§ How to complete this task:
Look below for the line with "Hahmo Pulkkinen pullistelee" and the line with "Der TÜV Rheinland, vertreten"; repeat exactly those two lines and all lines between them, but no pictures.
#### Exercise materials
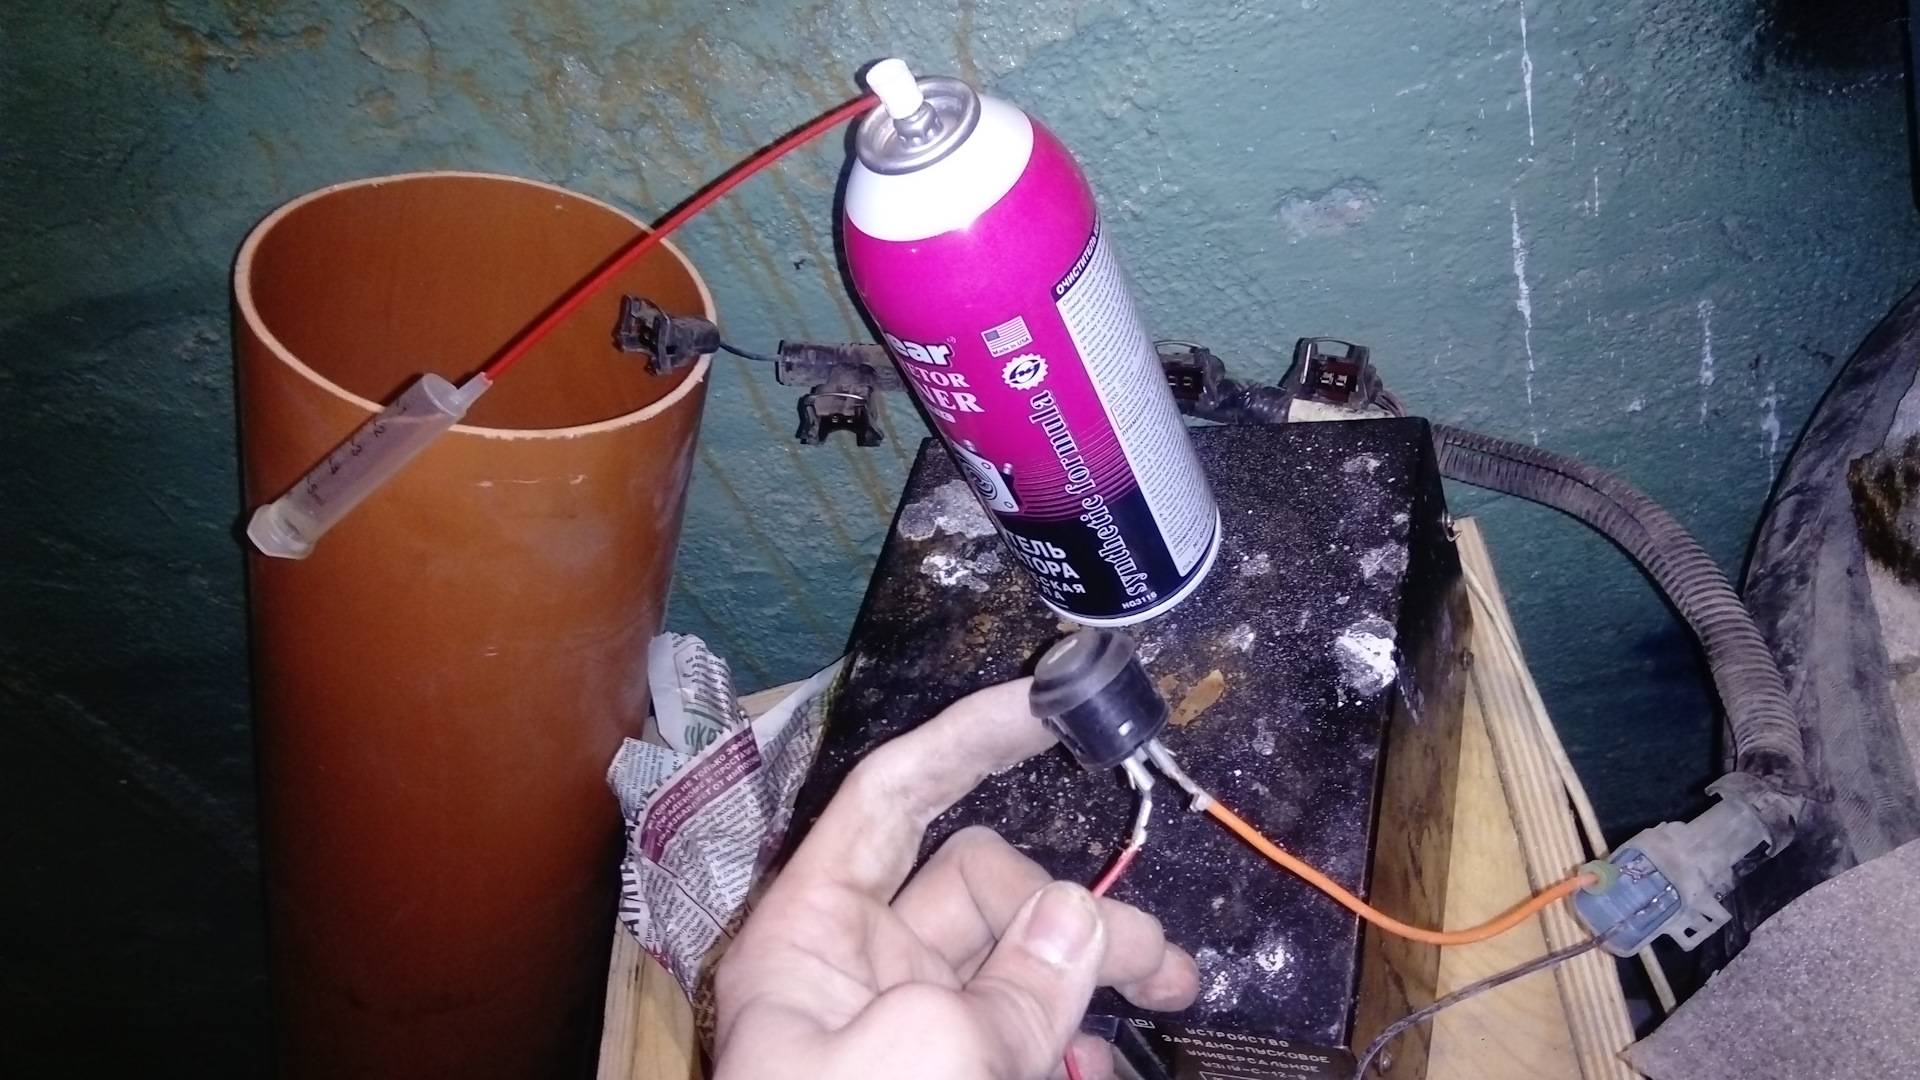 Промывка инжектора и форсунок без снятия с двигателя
########
#### Exercise materials
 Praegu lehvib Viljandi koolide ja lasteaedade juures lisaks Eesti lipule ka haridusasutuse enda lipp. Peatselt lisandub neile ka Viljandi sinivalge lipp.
########
#### Exercise materials
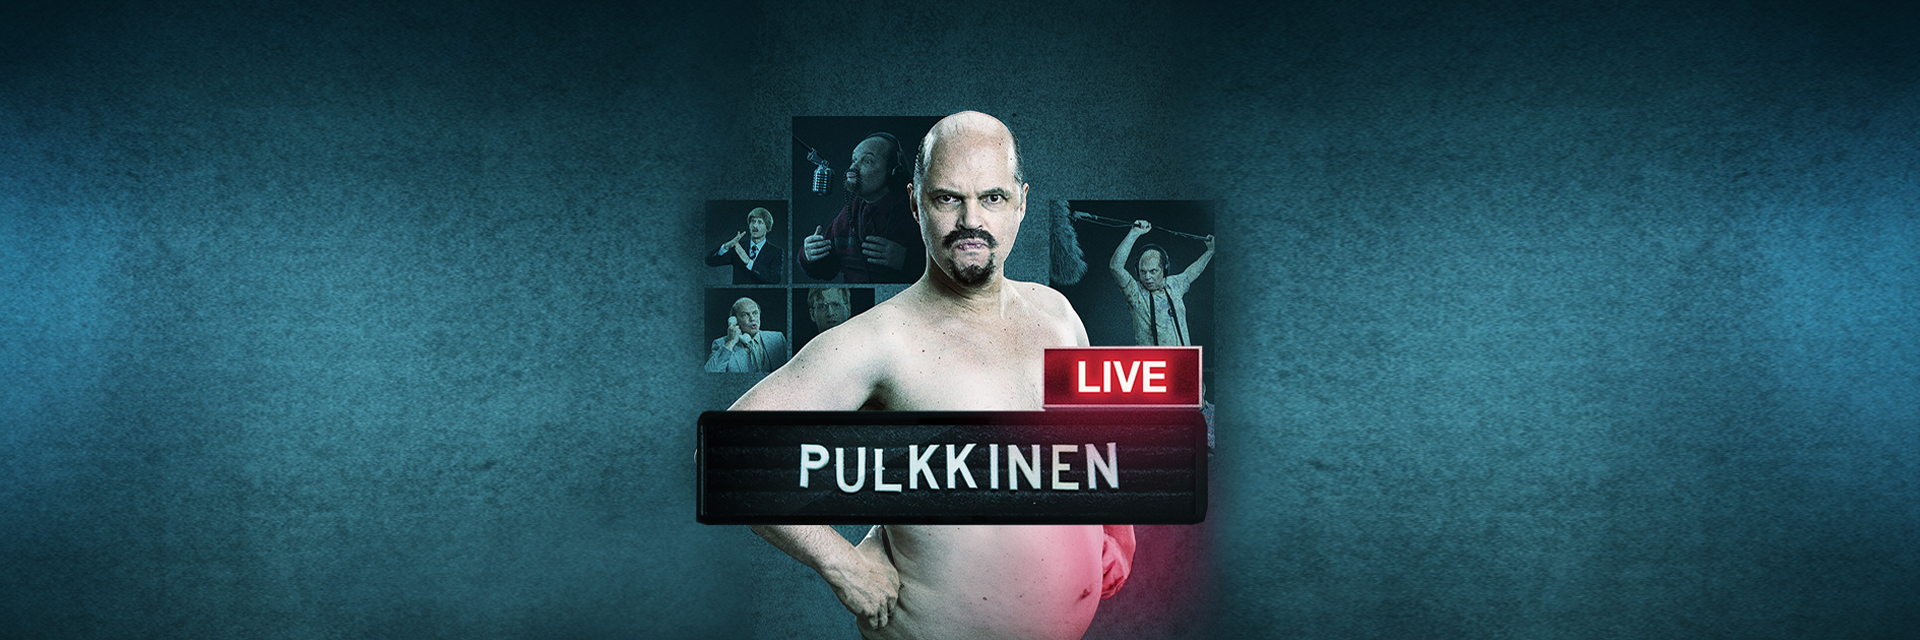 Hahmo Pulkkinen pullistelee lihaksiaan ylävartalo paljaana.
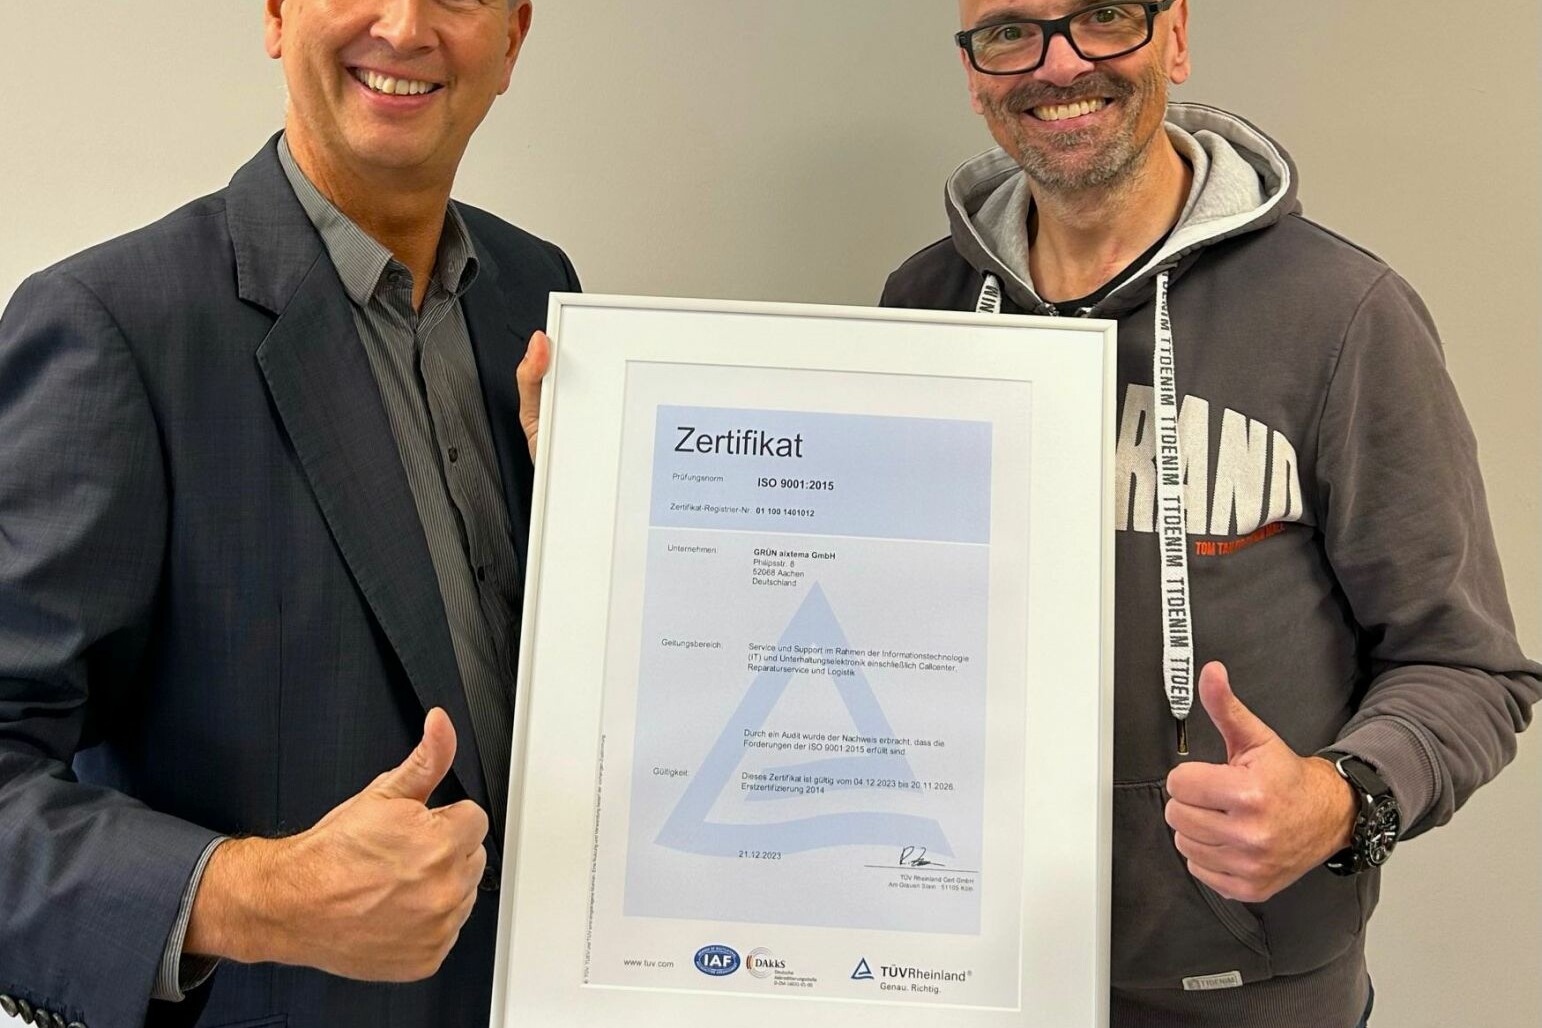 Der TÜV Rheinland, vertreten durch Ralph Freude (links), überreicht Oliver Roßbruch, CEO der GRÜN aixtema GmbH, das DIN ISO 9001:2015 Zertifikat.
########
§ Exercise solution:
 Hahmo Pulkkinen pullistelee lihaksiaan ylävartalo paljaana.
 Der TÜV Rheinland, vertreten durch Ralph Freude (links), überreicht Oliver Roßbruch, CEO der GRÜN aixtema GmbH, das DIN ISO 9001:2015 Zertifikat.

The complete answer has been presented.